Maurice Corvez, L'être et la conscience morale. Un vol. 24,5 X 16


de 396 pp. Louvain, Nauwelaerts; Paris, Béatrice-Nauwelaerts, 1968.
Prix : br. 480 FB.
Ce recueil d'articles importants offre une double orientation :
l'une ontologique, l'autre morale.
La première comporte l'analyse critique des catégories
fondamentales de la philosophie sartrienne assortie d'une réflexion sur les
rapports entre essence et existence tels que les conçoit S. Thomas.
Cette méditation conduit l'auteur à interroger l'œuvre de Heidegger :
on y trouve une comparaison entre l'Être heideggerien et thomiste,
une étude critique de la différence ontologique dont le défaut
consisterait à instaurer une regrettable division de la réalité et de l'homme,
et enfin une question : « ne faut-il pas en arriver à reconnaître la fusion,
dans la réalité, de l'ontique et de l'ontologique : la véritable trans-
cendantalité et analogie de l'être lui-même ? » (p. 132).

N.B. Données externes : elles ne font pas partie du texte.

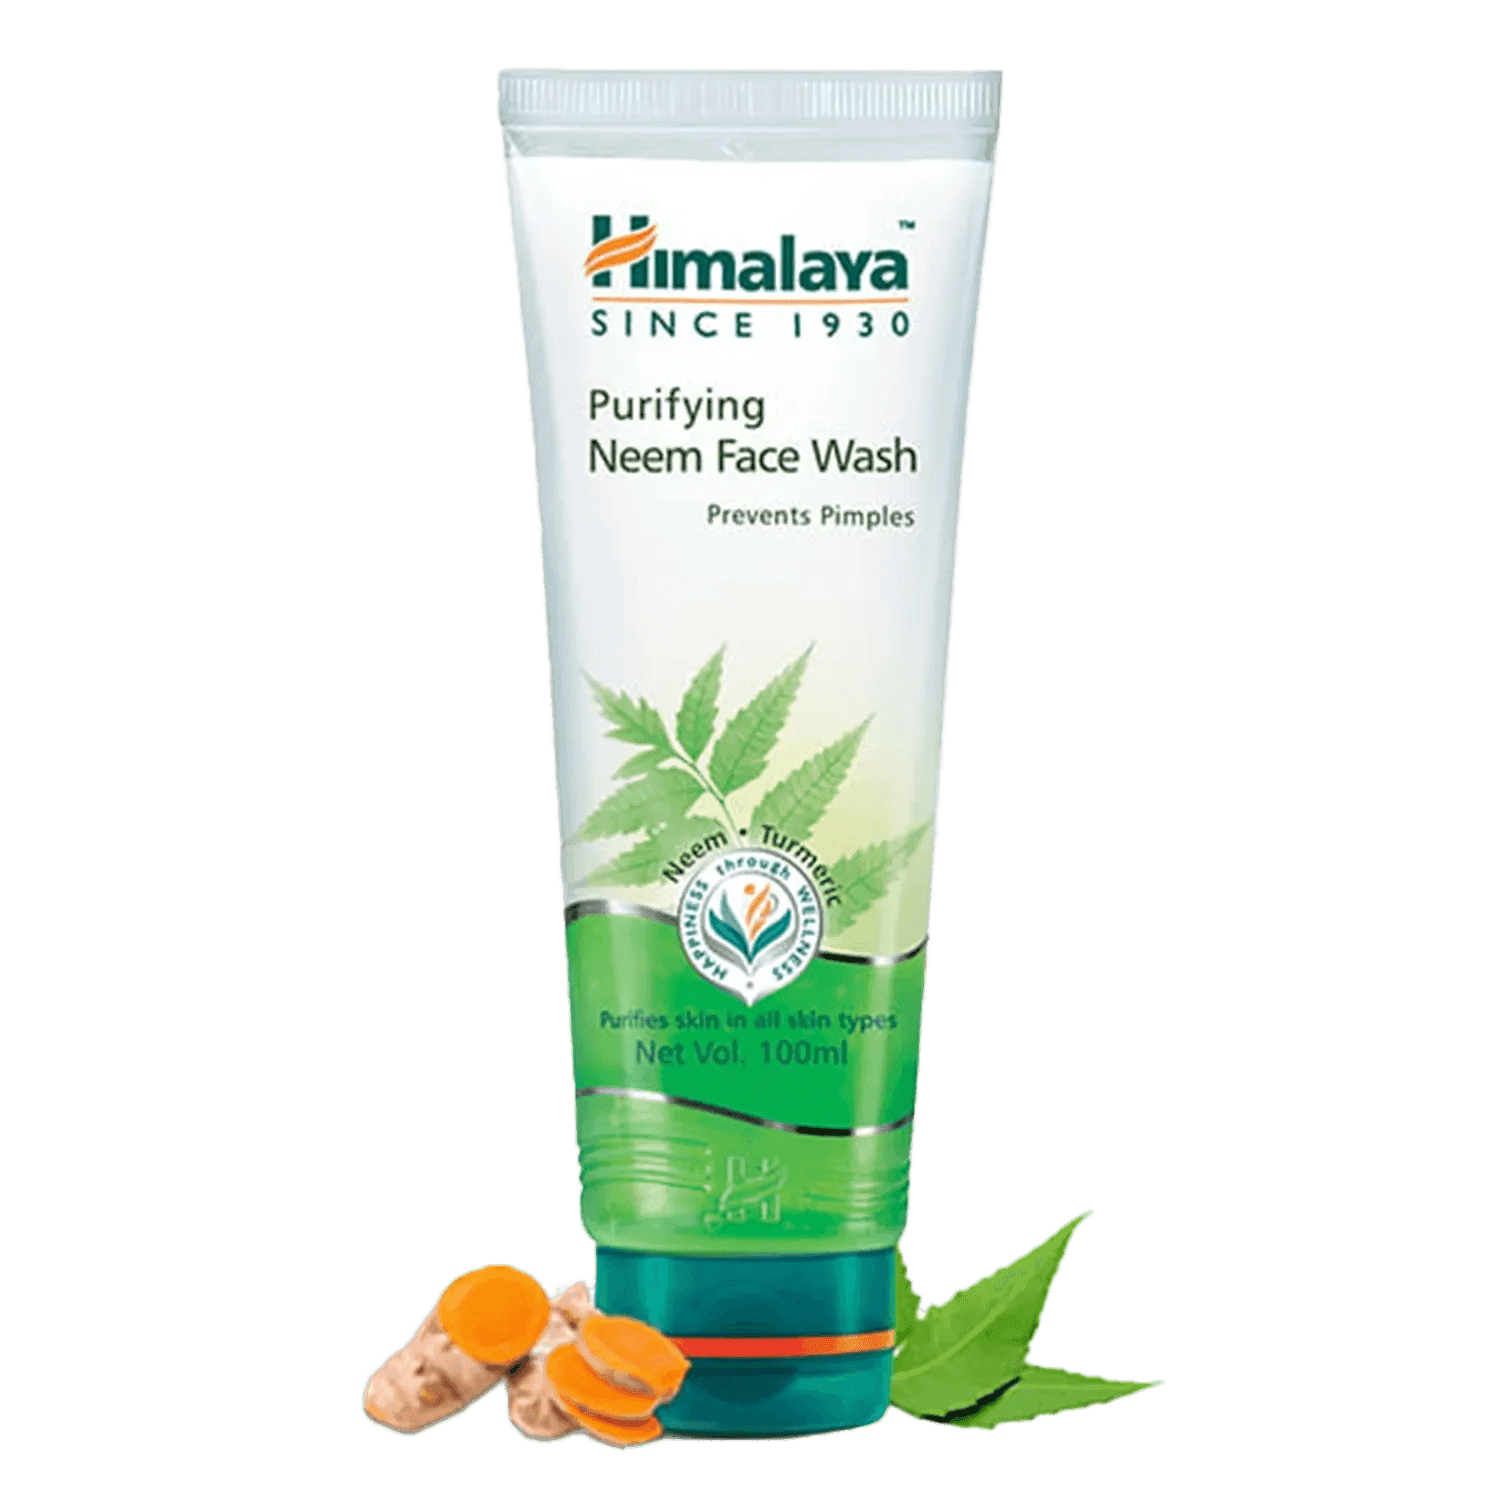 himalaya purifying neem face wash (100ml)

Pour avoir
refusé l'identité réelle de l'esse et de l'essence, l'auteur estime que la
tentative heideggerienne doit renoncer à une ouverture sur Dieu.

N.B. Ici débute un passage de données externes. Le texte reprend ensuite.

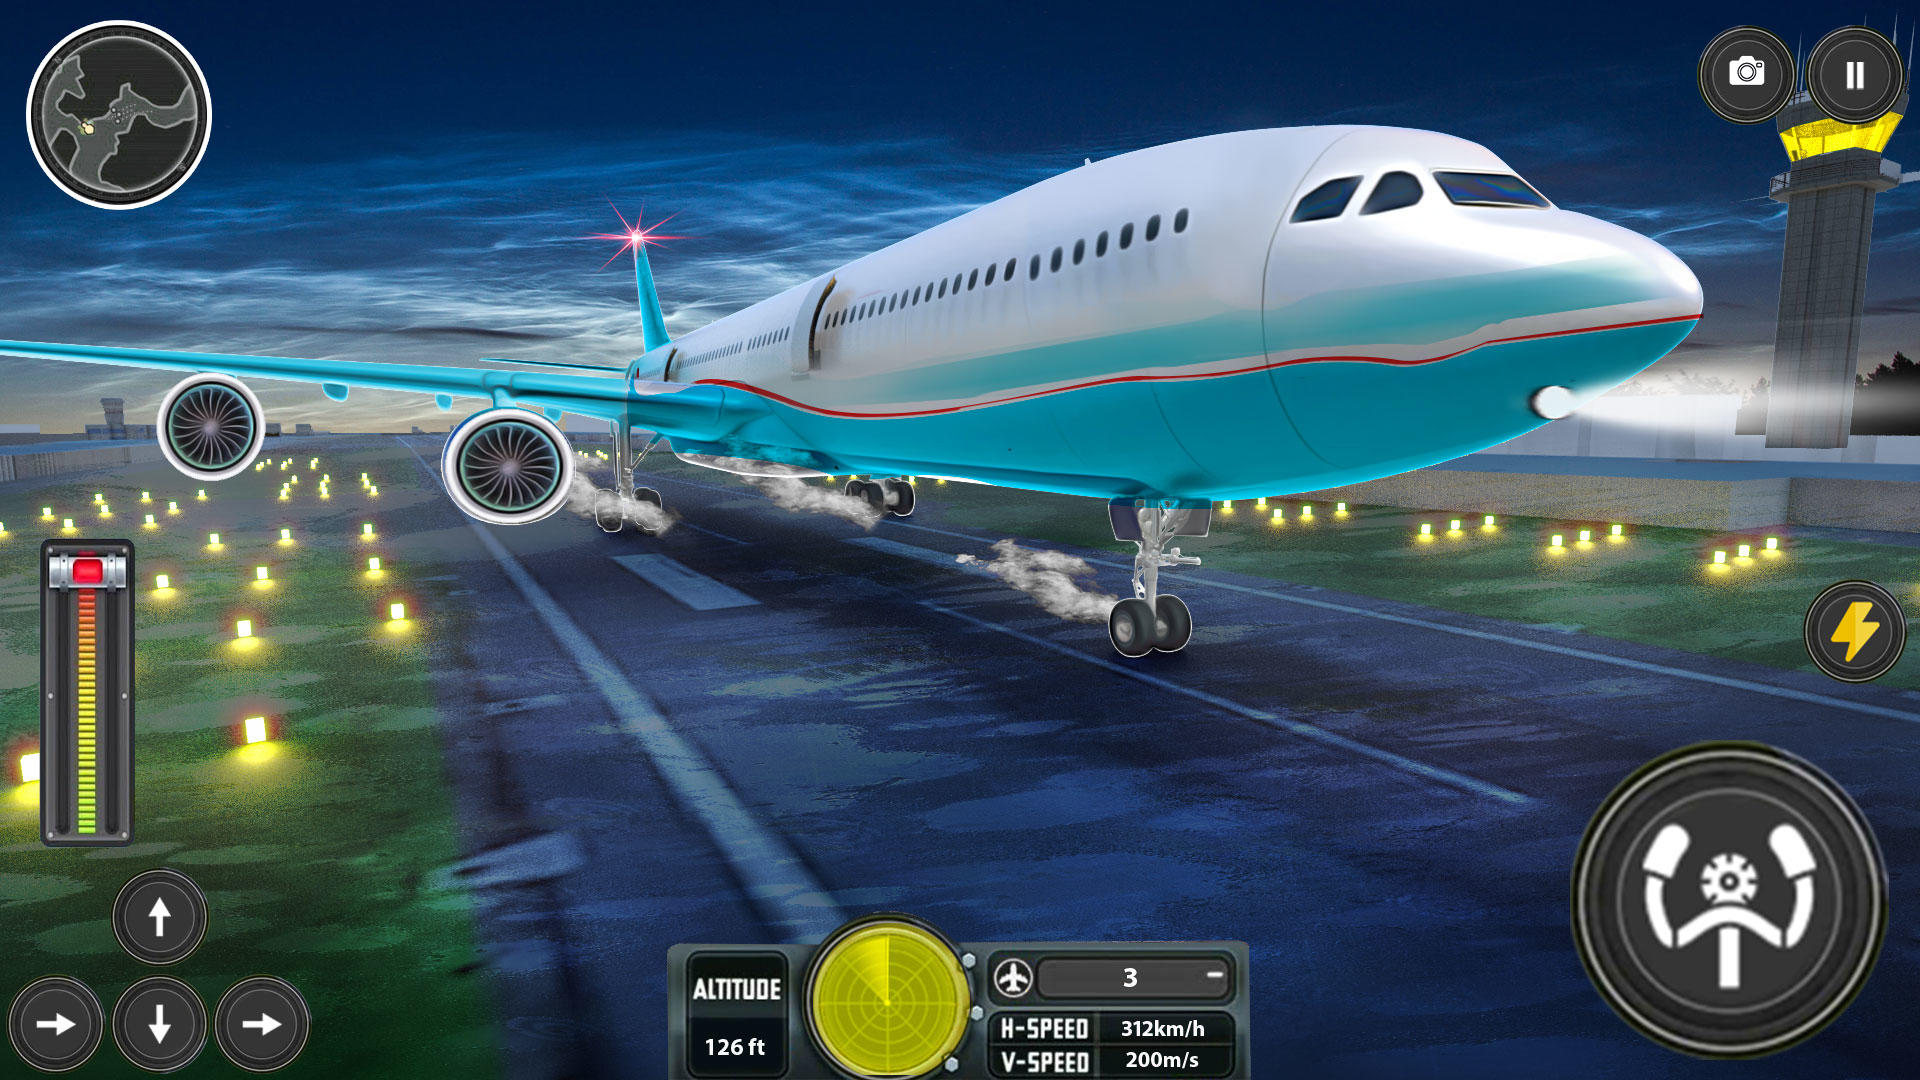 Flight Simulator airplane Games: Extreme Flying Plane simulator

Cette thèse pessimiste constitue alors une invitation à repenser les
positions thomistes relatives à l'idée et à l'affirmation de Dieu : que
faut-il tout d'abord penser du Dieu de Platon ? L'auteur poursuit ses
investigations par une réflexion sur la création et la motion divine,
c'est l'occasion de se pencher sur quelques idées chères au P. Teilhard
de Chardin. Toujours dans le sillage thomiste, l'A. nous livre enfin
des notes sur l'unicité d'être dans le Christ.
La seconde orientation consiste en un éclairage du péché.
Qu'entend-on par péché (chap. Ill) ? S'il est une défaillance libre de la volonté,
ne faut-il pas aussi admettre le bien fondé des thèses freudiennes sur
le déterminisme qui pèse sur l'homme (cf. Inconscient et péché) ?
Où commence le péché (chap. V), dont une forme typique est l'abandon
de la foi divine ? Qu'est-ce que la foi, quels sont ses rapports avec la
connaissance naturelle de Dieu? Dieu est-il tentateur (chap. VII)
ou bien Celui qui permet le péché, envoie le Fils en Rédempteur et
donne la grâce actuelle ? Autant de questions traitées par Maurice
Corvez dans la clarté, la densité de cet ouvrage, fruit des analyses
d'un disciple de S. Thomas, quelque peu saisi de crainte face au climat
philosophique contemporain (cf. première partie).
Joëlle van Drooghenbroeck-Jonckheere.